In the following years, the company expanded further. In 2015 a site in Tampere, Finland was acquired. The facility in Finland has 40 employees. By 2015, RUAG Space USA (later named Beyond Gravity USA) had 4 sites in 4 different states. In 2018, 109 employees were working in the United States at sites in Decatur, Alabama; Titusville, Florida; and Denver (Centennial), Colorado. During 2016 the company HTS GmbH in Coswig near Dresden was acquired as the first site in Germany. After a two-year consolidation period, the name was changed to RUAG Space Germany GmbH.

In 2018, the Swedish branch of the company, RUAG Space AB (later named Beyond Gravity AB), had 332 employees in Gothenburg and 120 employees in Linköping, with two subsidiaries in Austria and Finland. This branch specializes in related equipment, for example on-board computer systems, antennas and microwave electronics for satellites and adapters and separation systems for launchers. The company headquarters is located in Gothenborg, Sweden and a division for mechanical systems is situated in Linköping, Sweden. In May 2015, the company had 415 employees. It was originally started as a joint venture between SAAB and Ericsson as Saab Ericsson Space until Ericsson sold its stake to SAAB together with Saab Microwave Systems in 2006.

On May 1, 2022, to reflect the change of visions of the company and the focus towards the highly dynamic space sector, RUAG Space was re-branded to Beyond Gravity.
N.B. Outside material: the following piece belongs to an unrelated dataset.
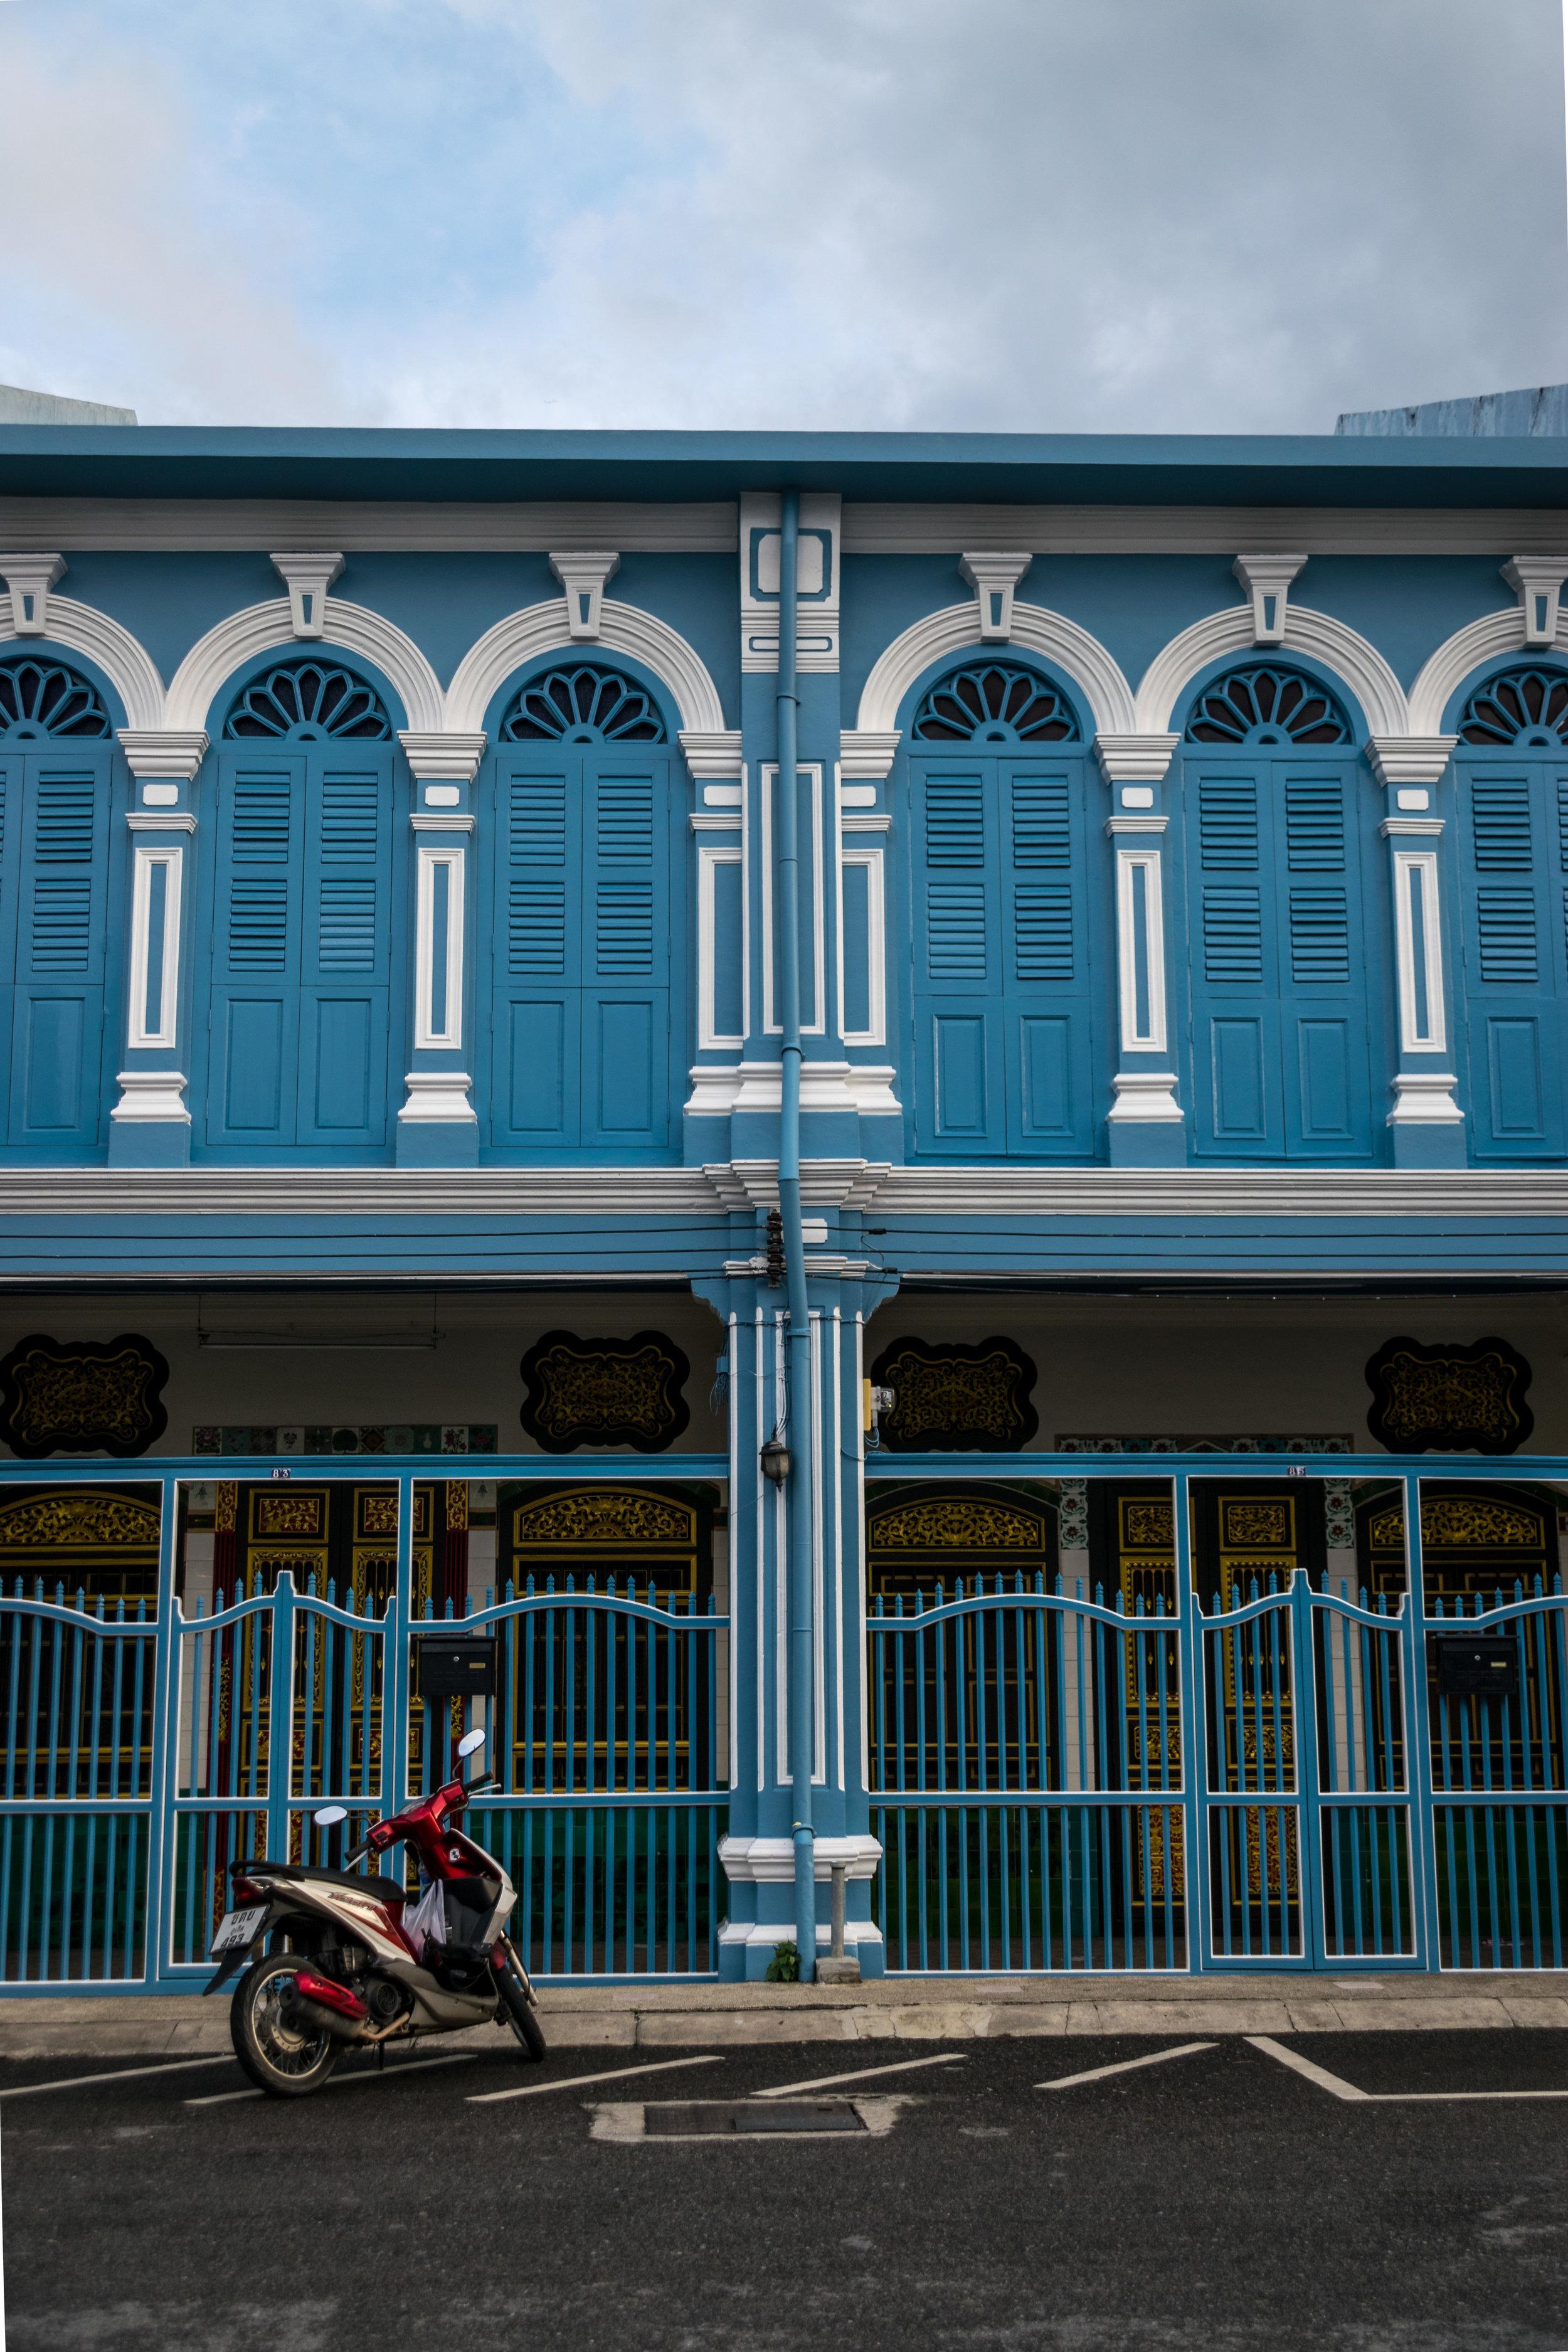 Phuket Old Town buildings-13.jpg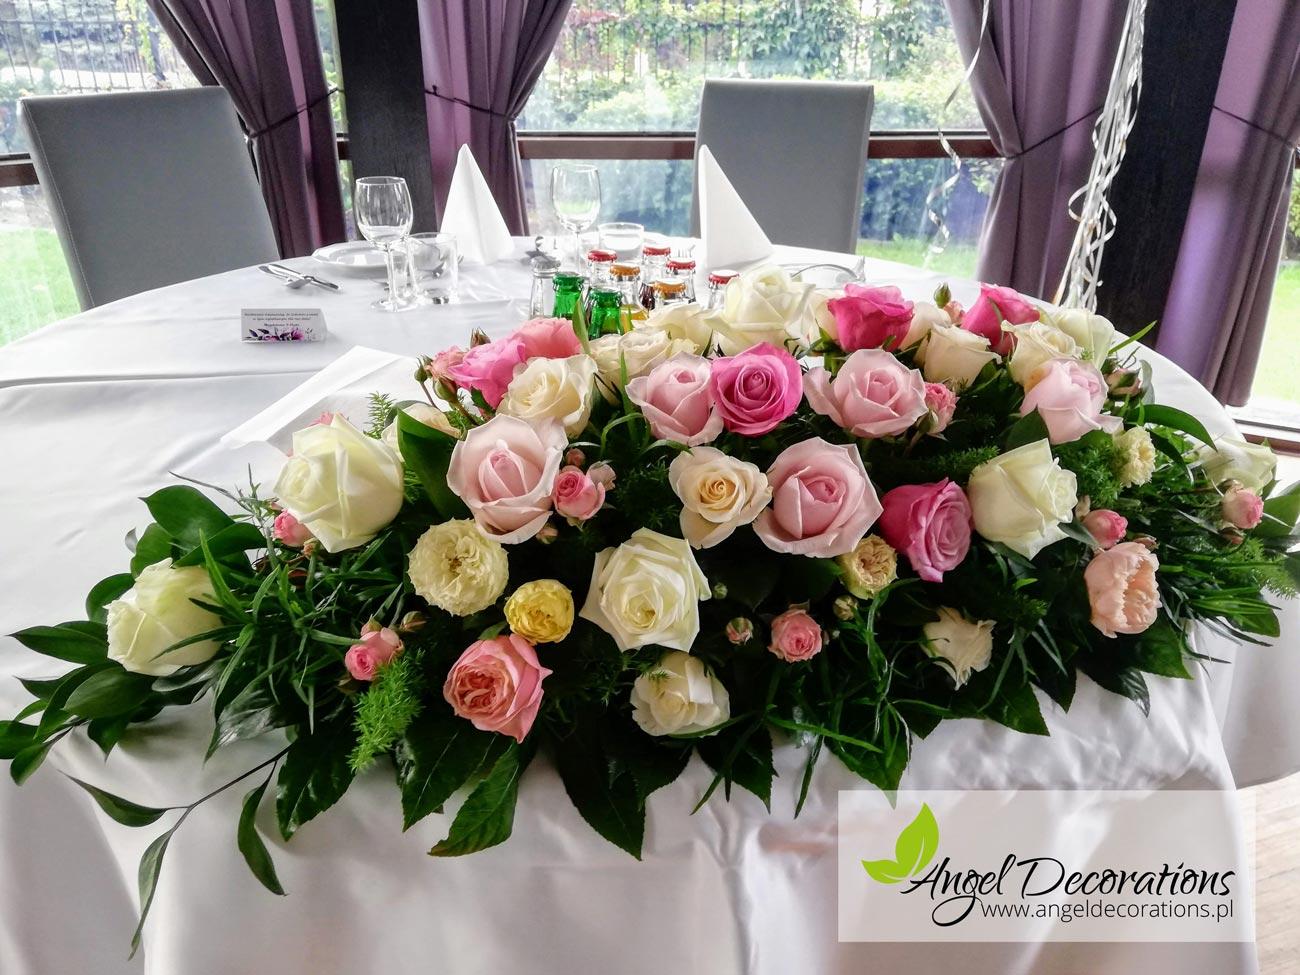 kwiaty-stol-dekoracja-angeldecorations-wypozyczalnia

As a result of its European origins, Beyond Gravity has been part of many European space missions, but is also building a US market presence. Notable scientific spacecraft to use Beyond Gravity components include the Herschel Space Observatory, Planck, Soil Moisture and Ocean Salinity, BepiColombo, Galileo, Solar Orbiter, Automated Transfer Vehicle, Aeolus, and ICESat2.

== Payload fairings ==

Beyond Gravity manufactures payload fairings for a number of launchers including a 5.4 m design in common use across the Ariane 6, H3 (W-type faring), Terran R, and Vulcan Centaur. It also makes smaller fairings for the Atlas V and Vega C.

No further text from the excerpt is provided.